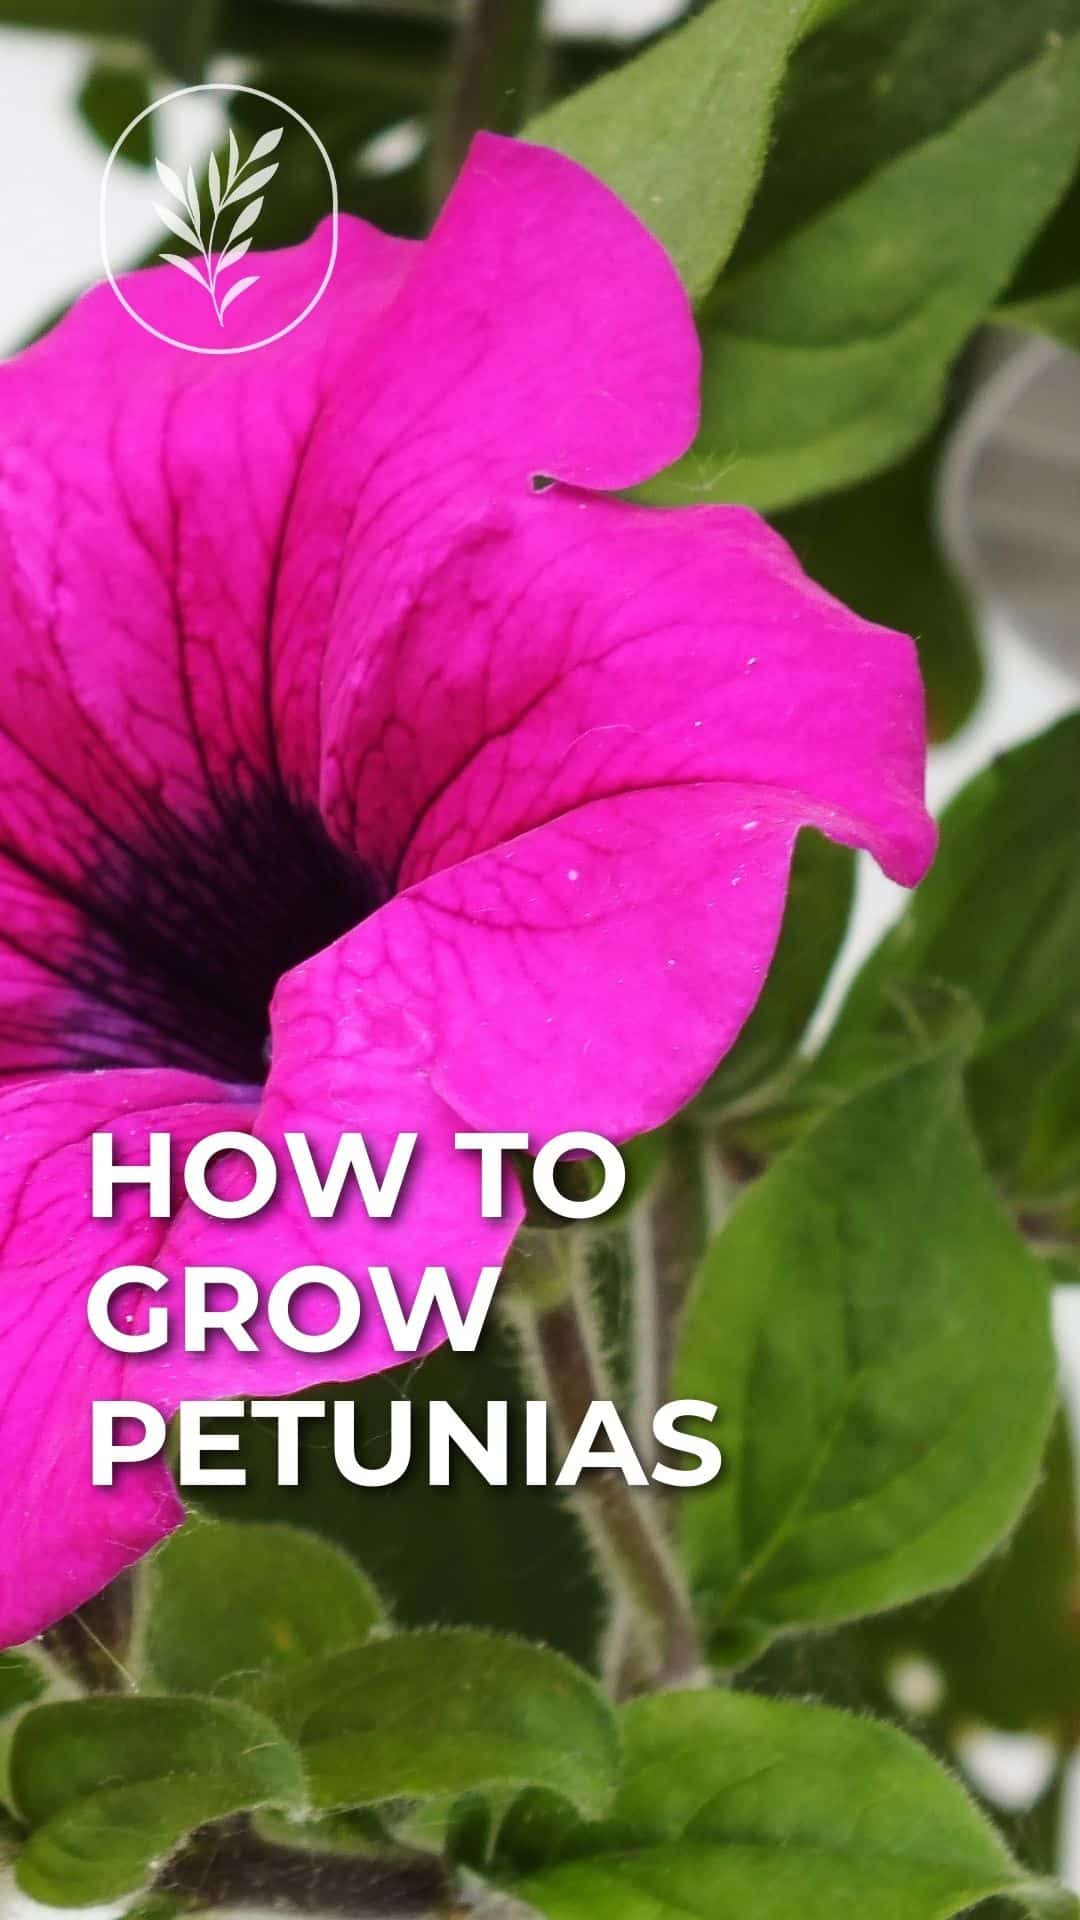 How to grow petunias - story via @home4theharvest
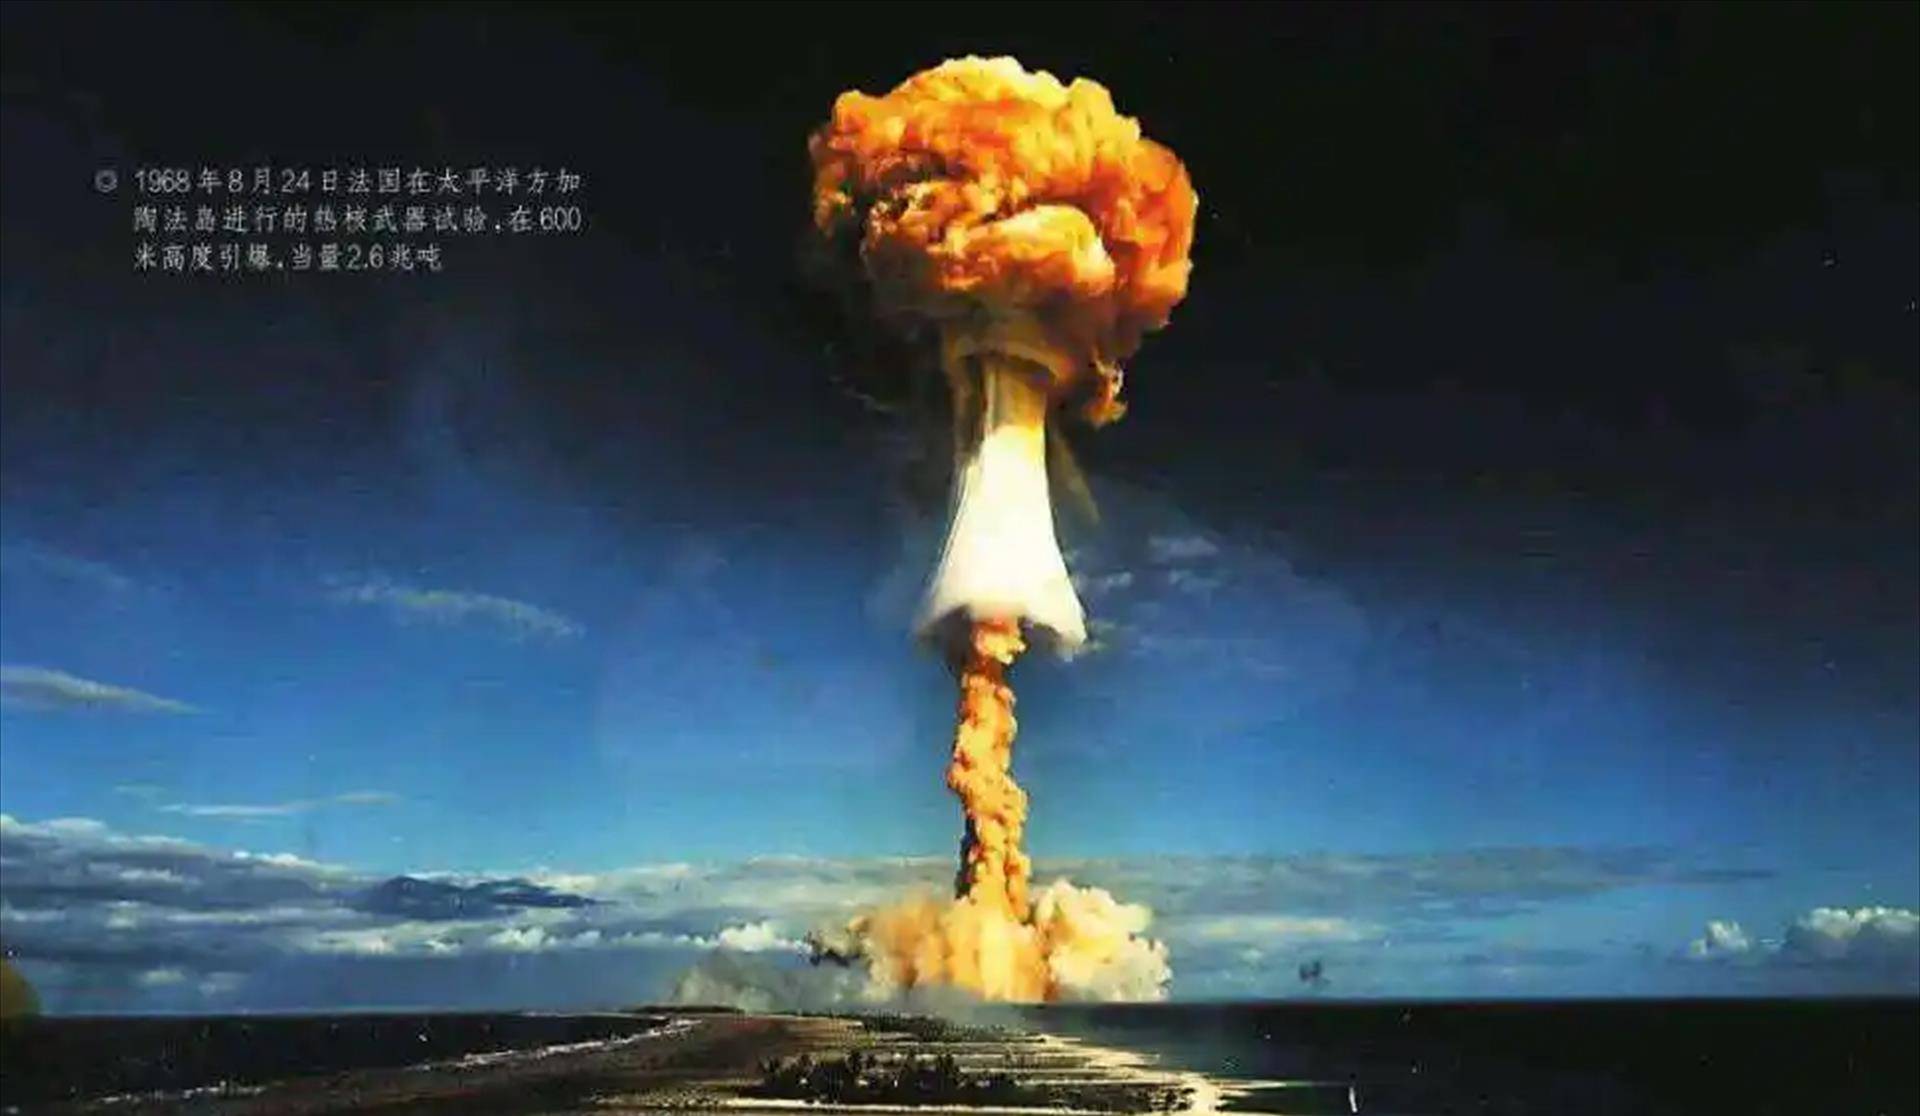 原创1967年中国第一颗氢弹试爆成功消息一经传出各国反应耐人寻味
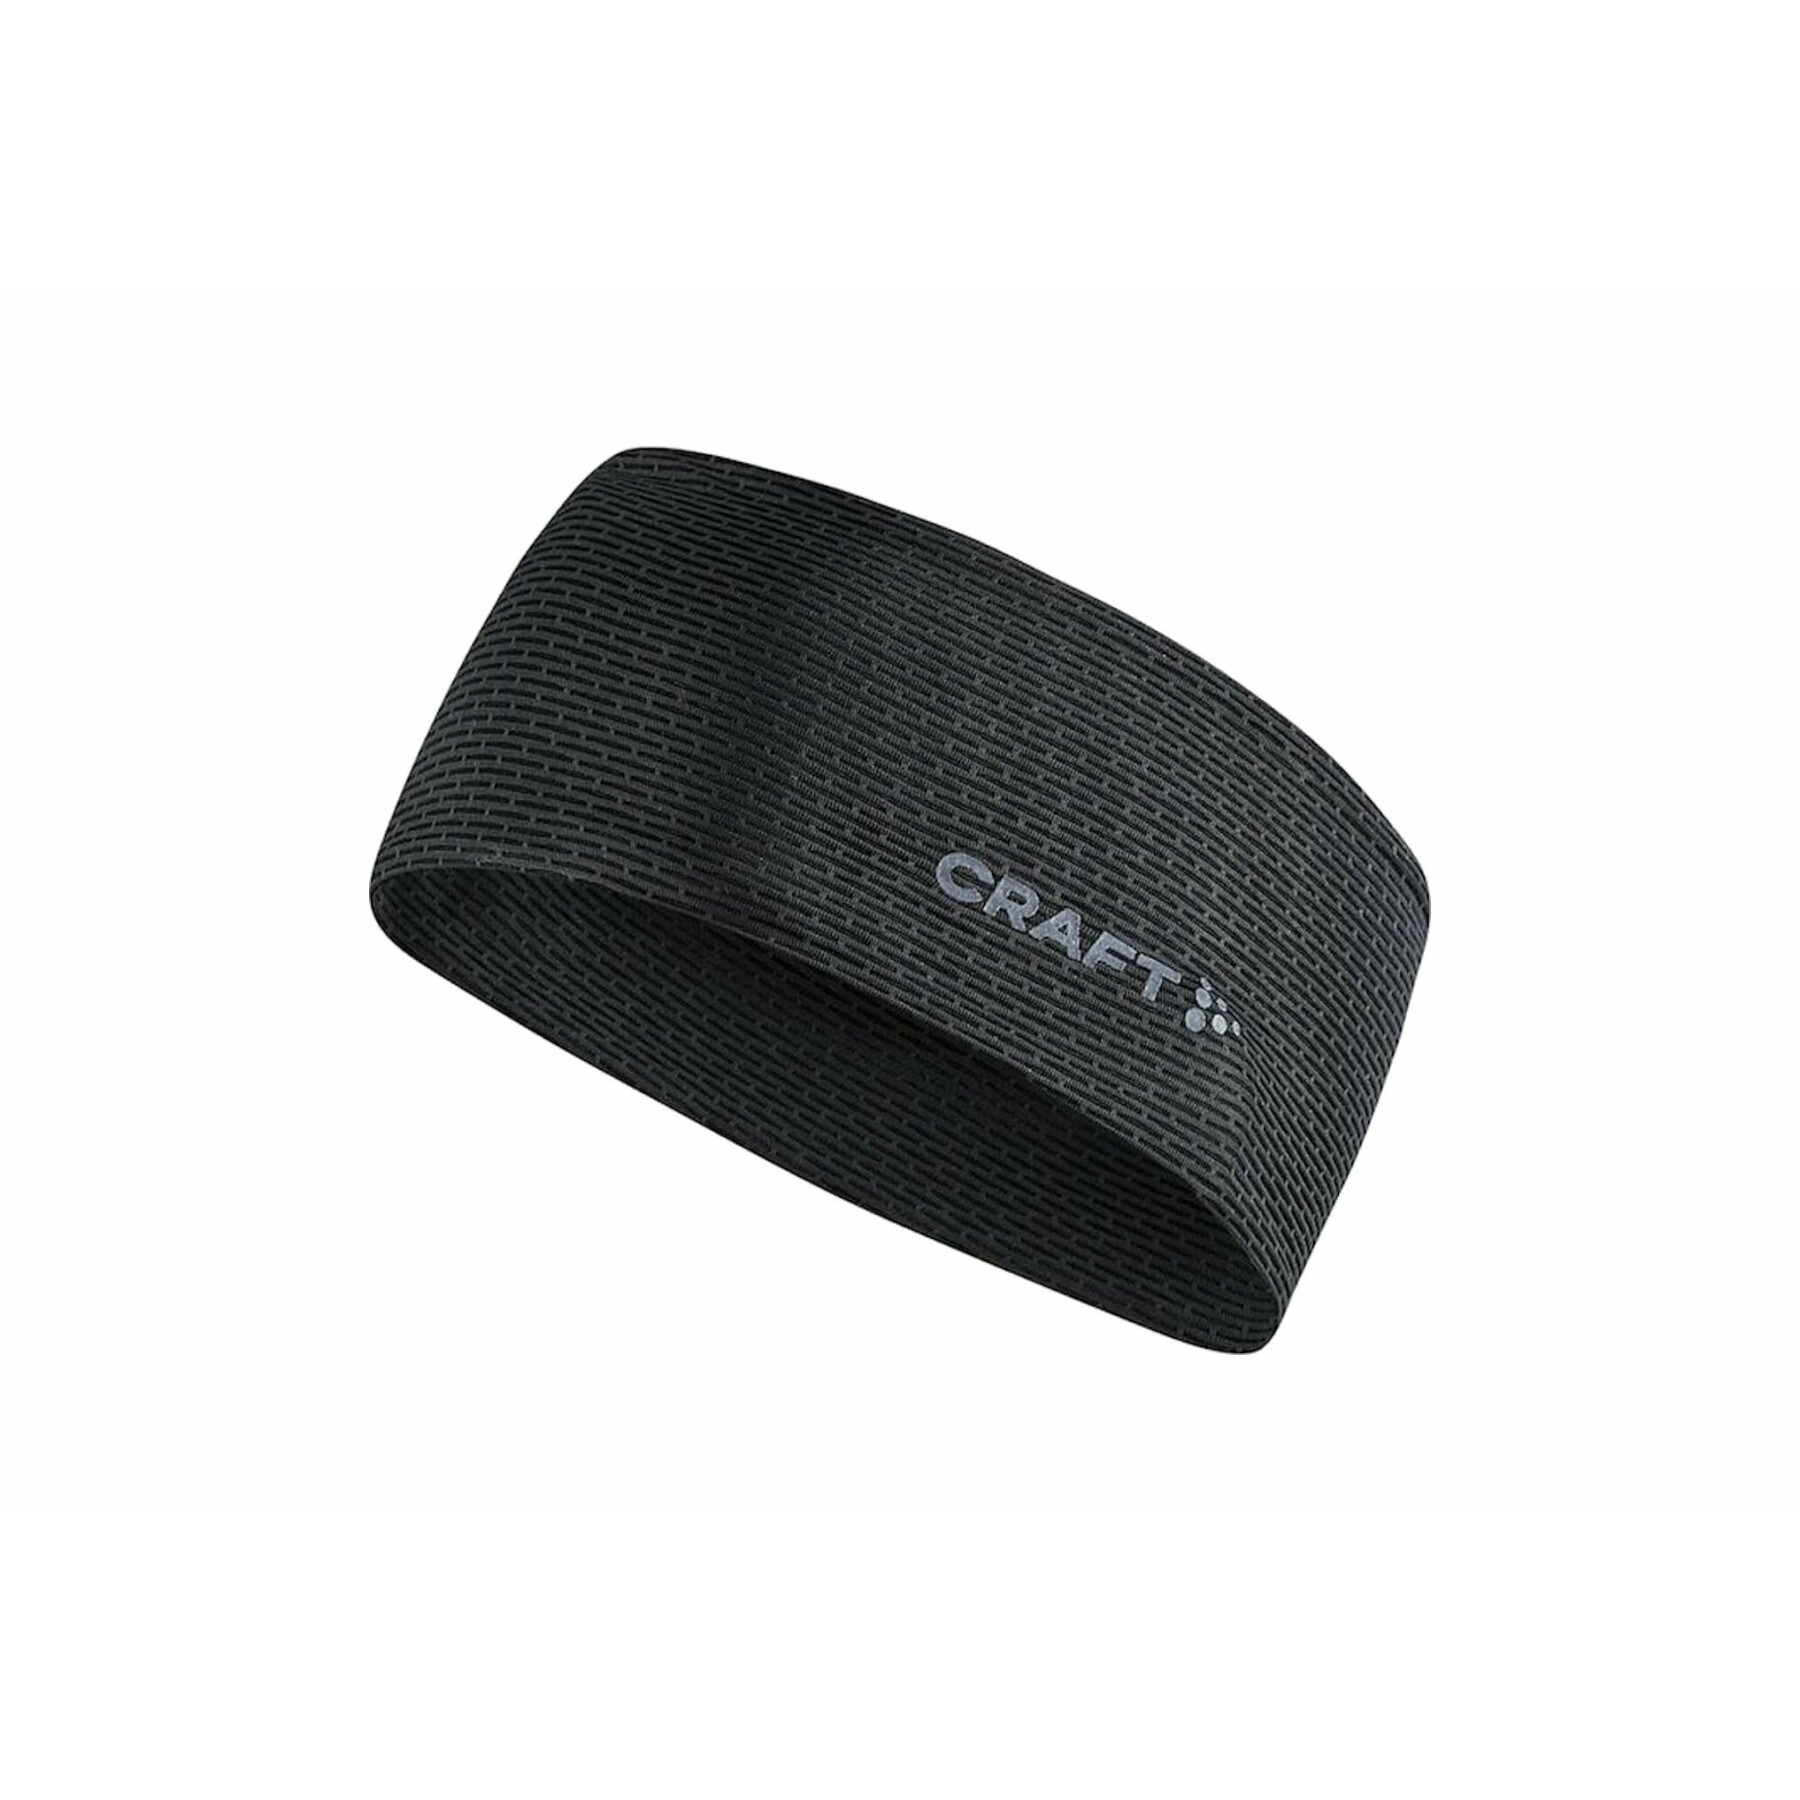 Headband Craft mesh nano weight

> _EXERCISE_: The copy should hold exactly the lines from the line containing "原创1967年中国第一颗氢弹试爆成功消息一经传出各国反应耐人寻味" through the end of the data, both ends included, and no pictures.

> _EXERCISE RESPONSE_:
 原创1967年中国第一颗氢弹试爆成功消息一经传出各国反应耐人寻味
 Headband Craft mesh nano weight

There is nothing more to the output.